__Exercise__.
Omit the pictures and output every entry below exactly as written.

(Saved data entries)
==========
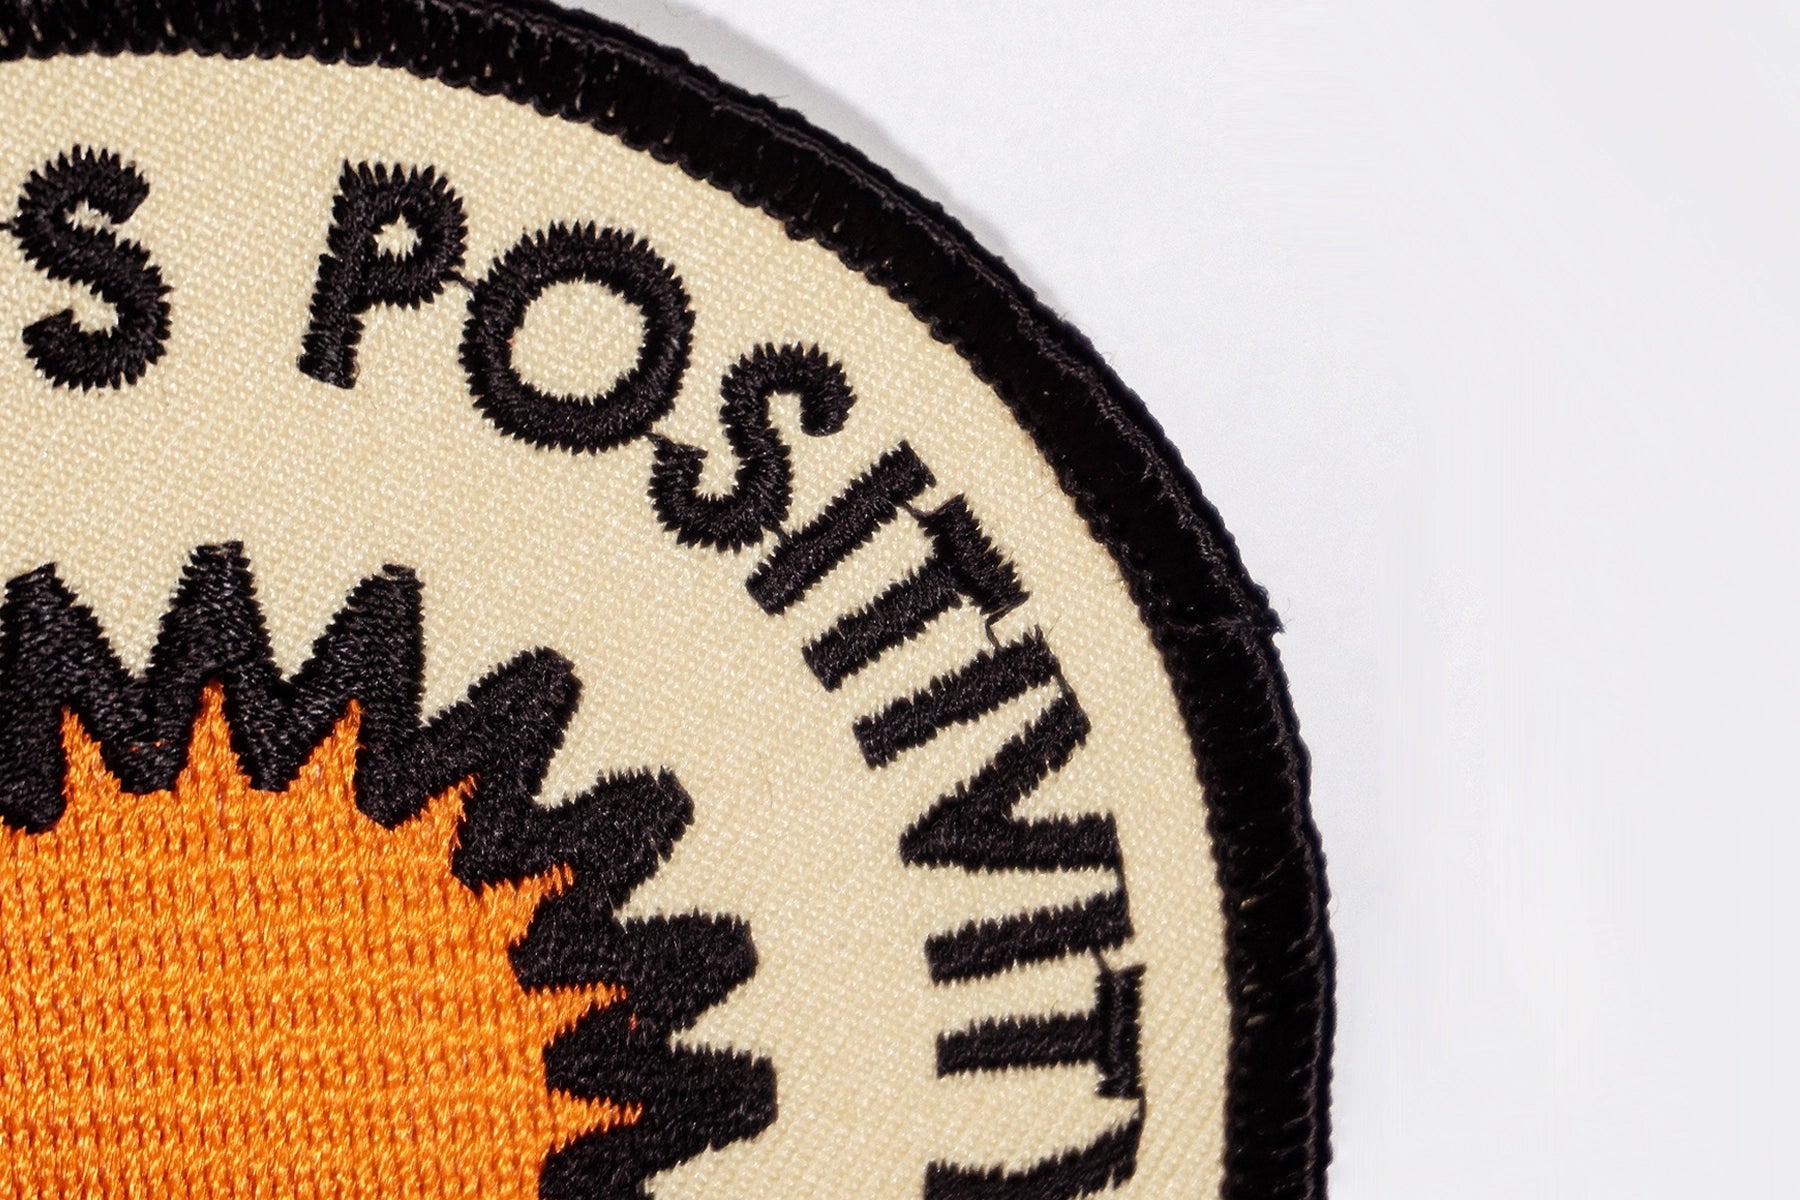 Positivity Embroidered Patch
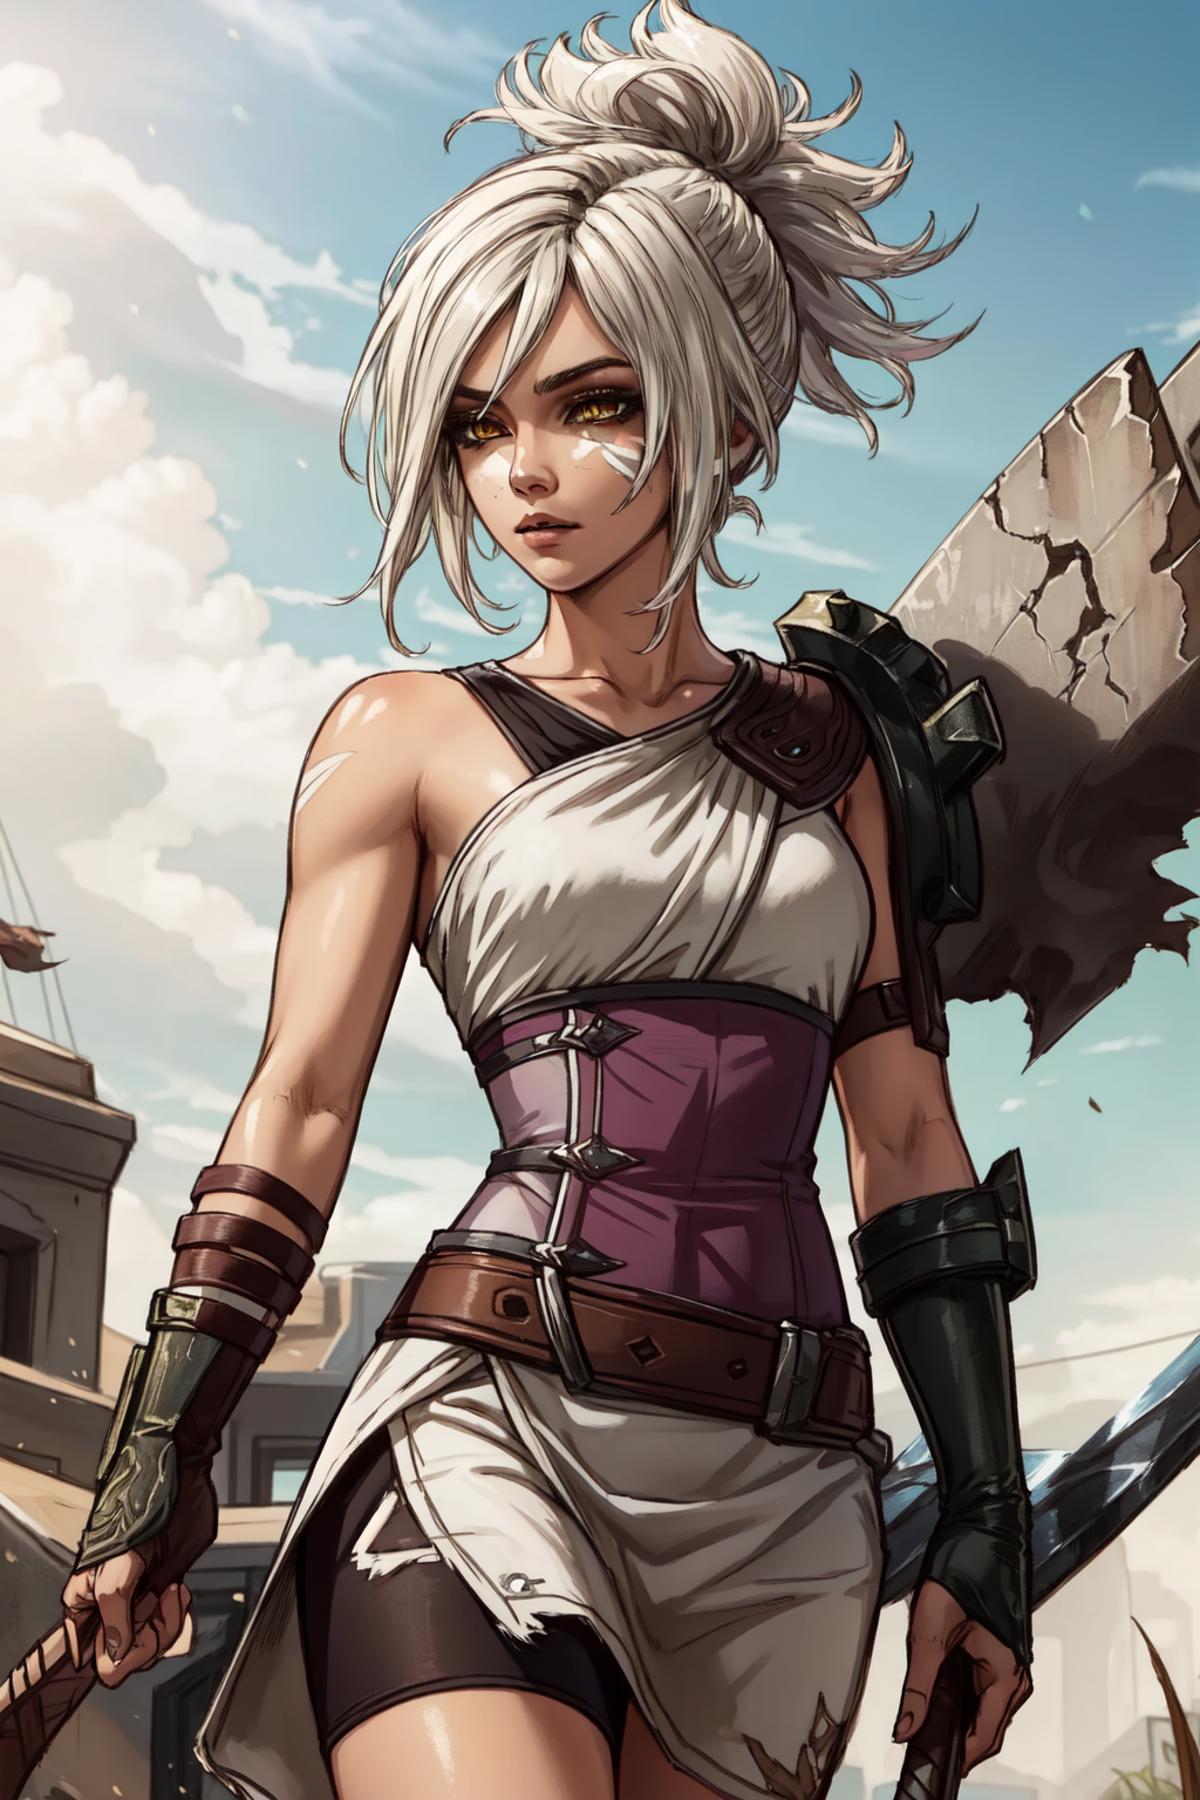 Riven | League of Legends image by Sedikit
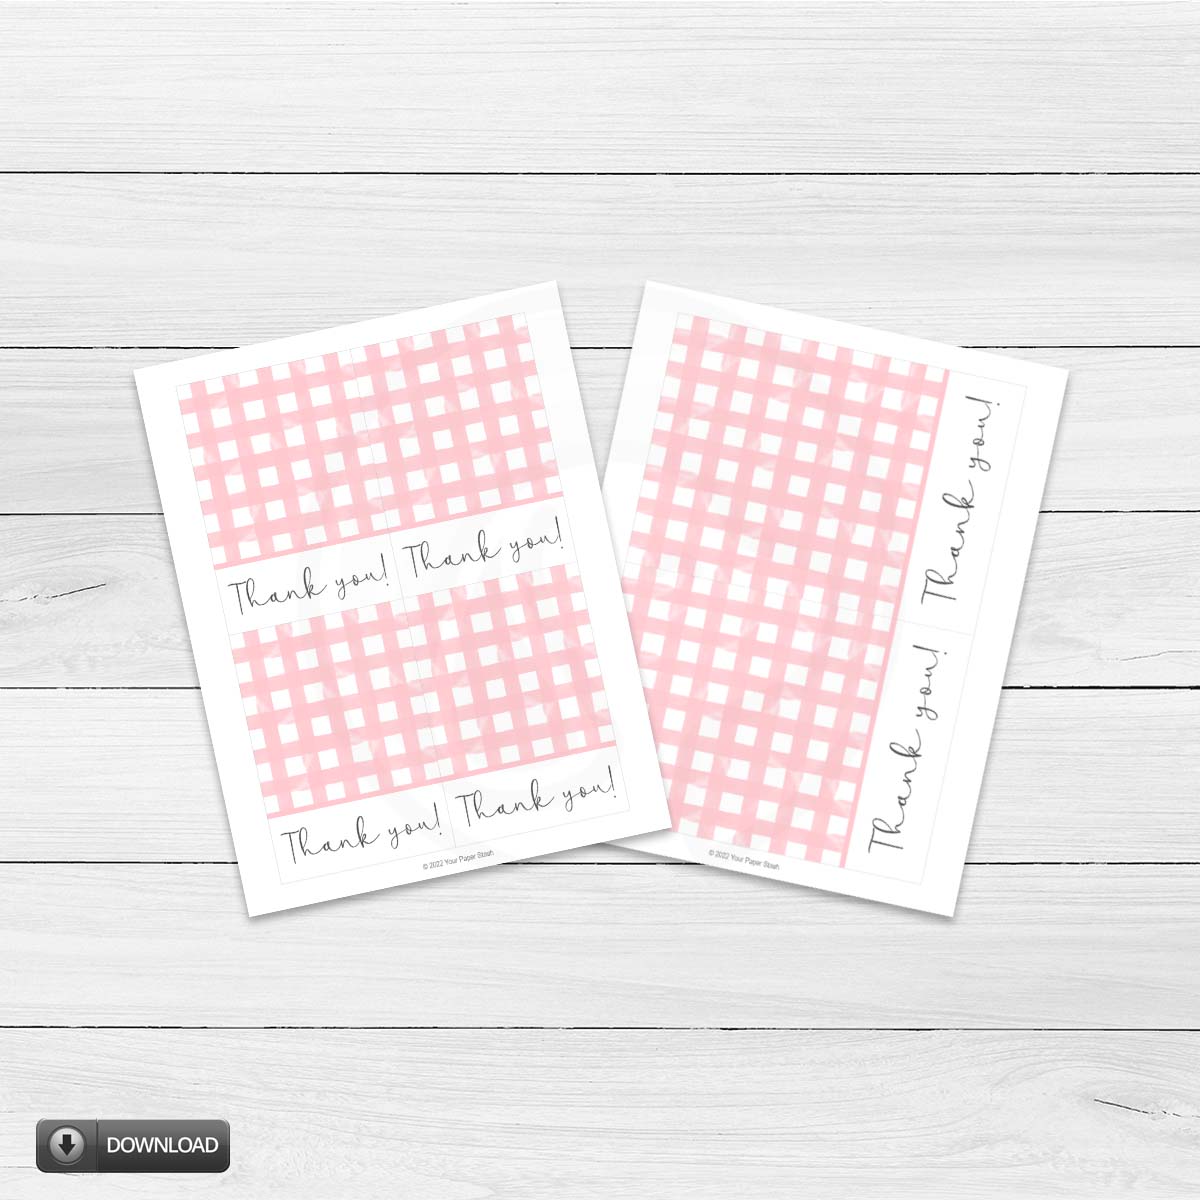 printable large and mini cookie cards, thank you note cards
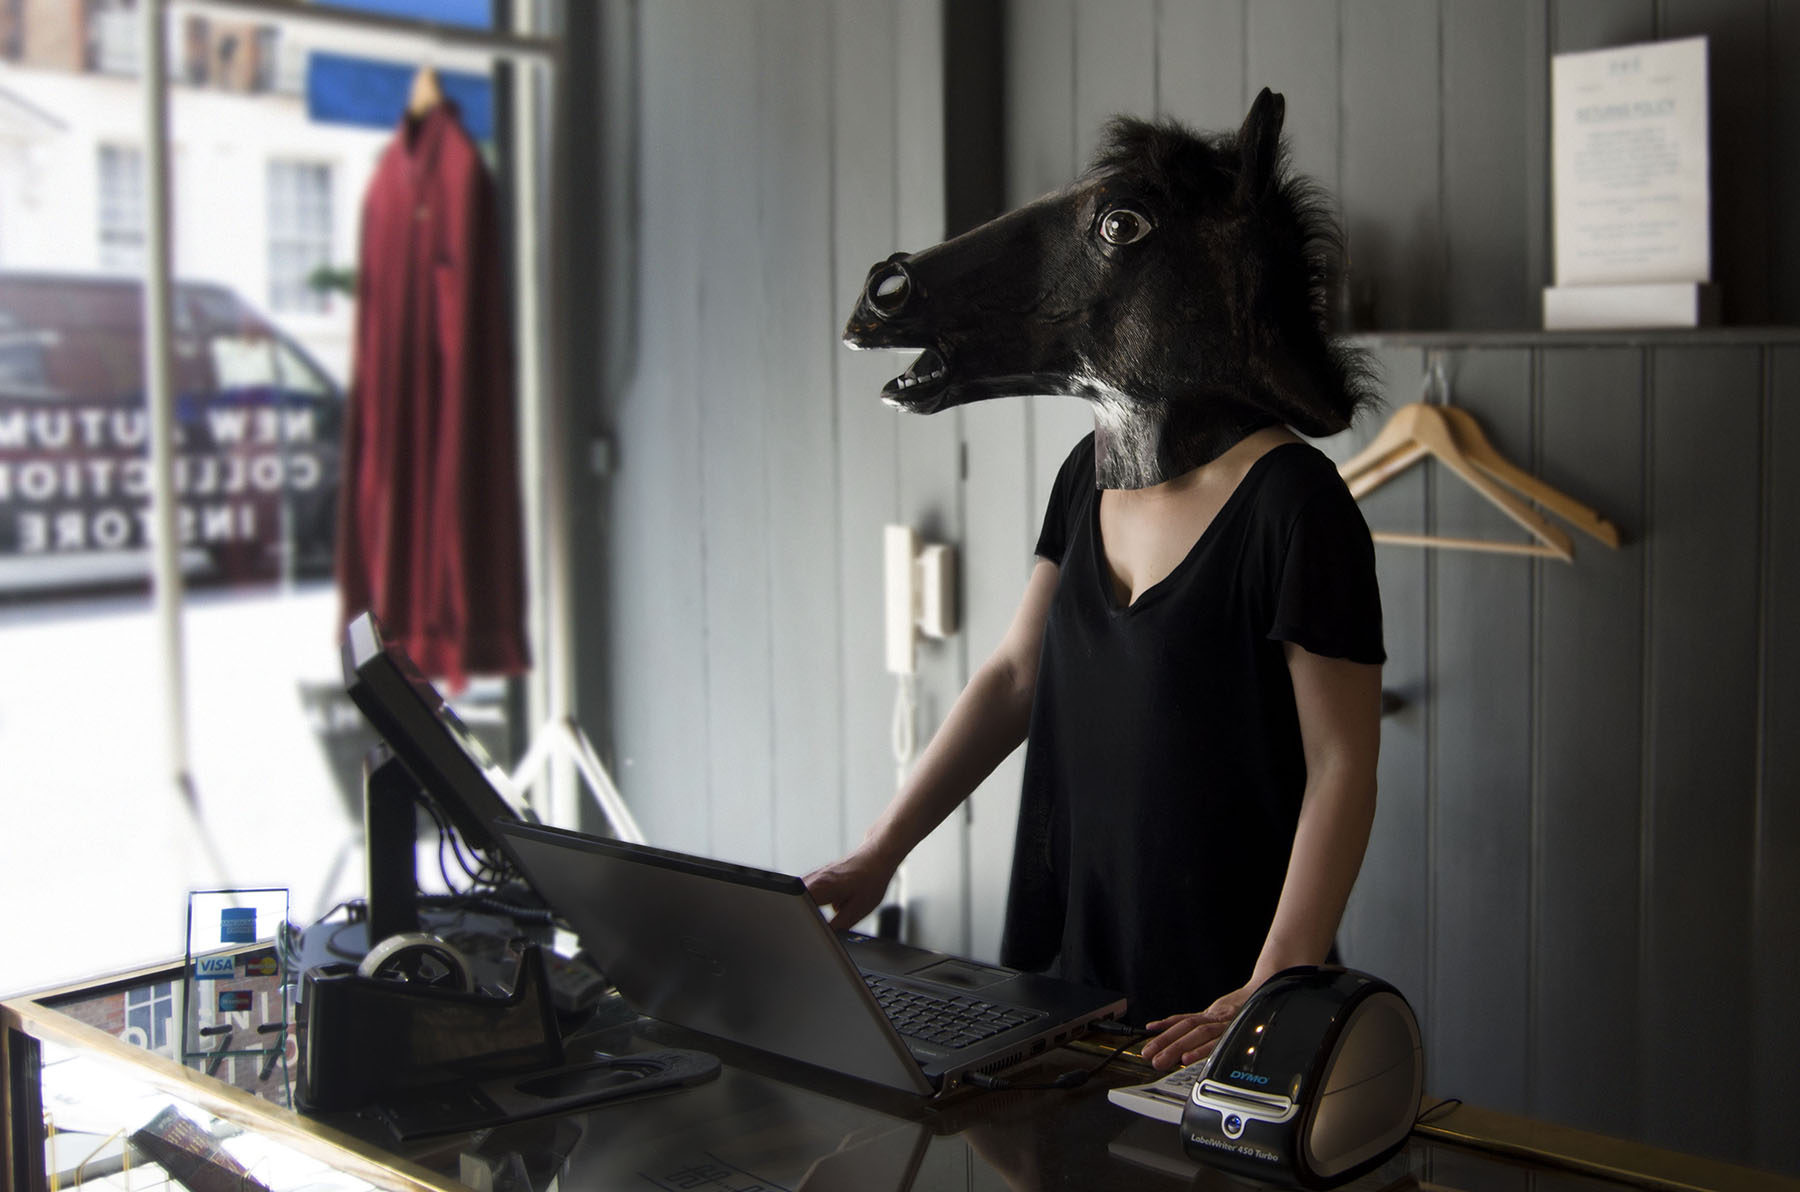 Beast - person wearing horse mask at clothing store cashdesk
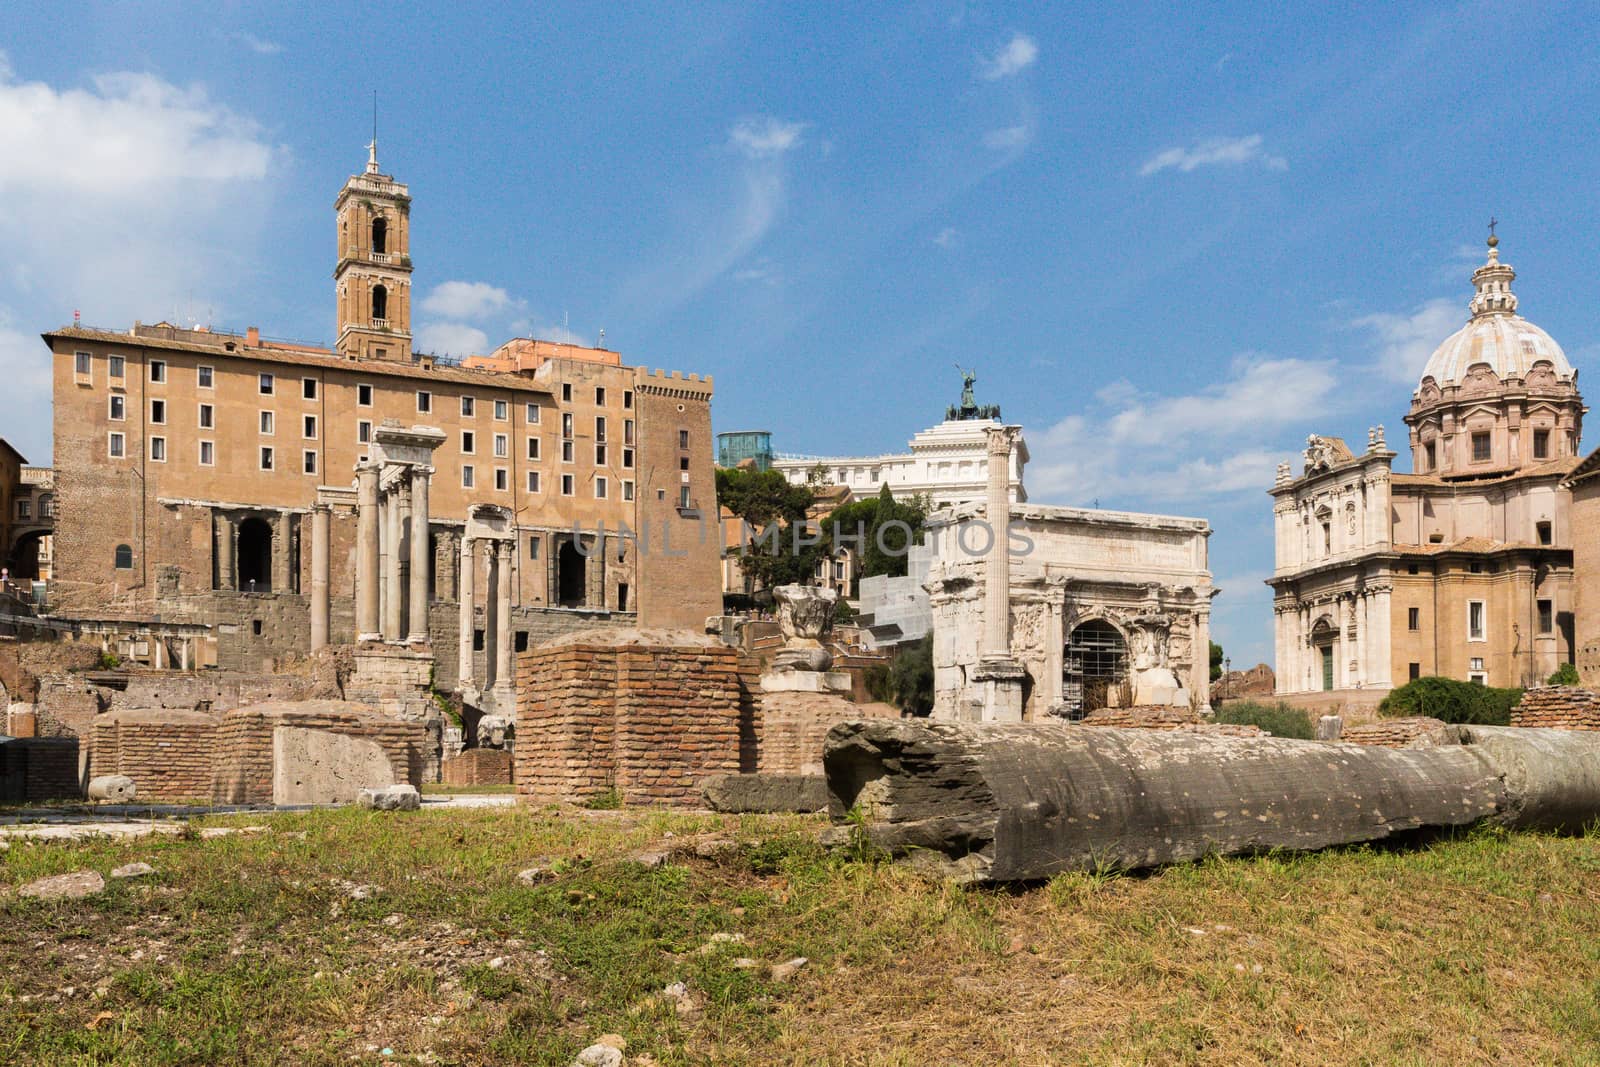 The Forum in Rome by chrisukphoto
==========
__Your response__.
 Positivity Embroidered Patch
 Riven | League of Legends image by Sedikit
 printable large and mini cookie cards, thank you note cards
 Beast - person wearing horse mask at clothing store cashdesk
 The Forum in Rome by chrisukphoto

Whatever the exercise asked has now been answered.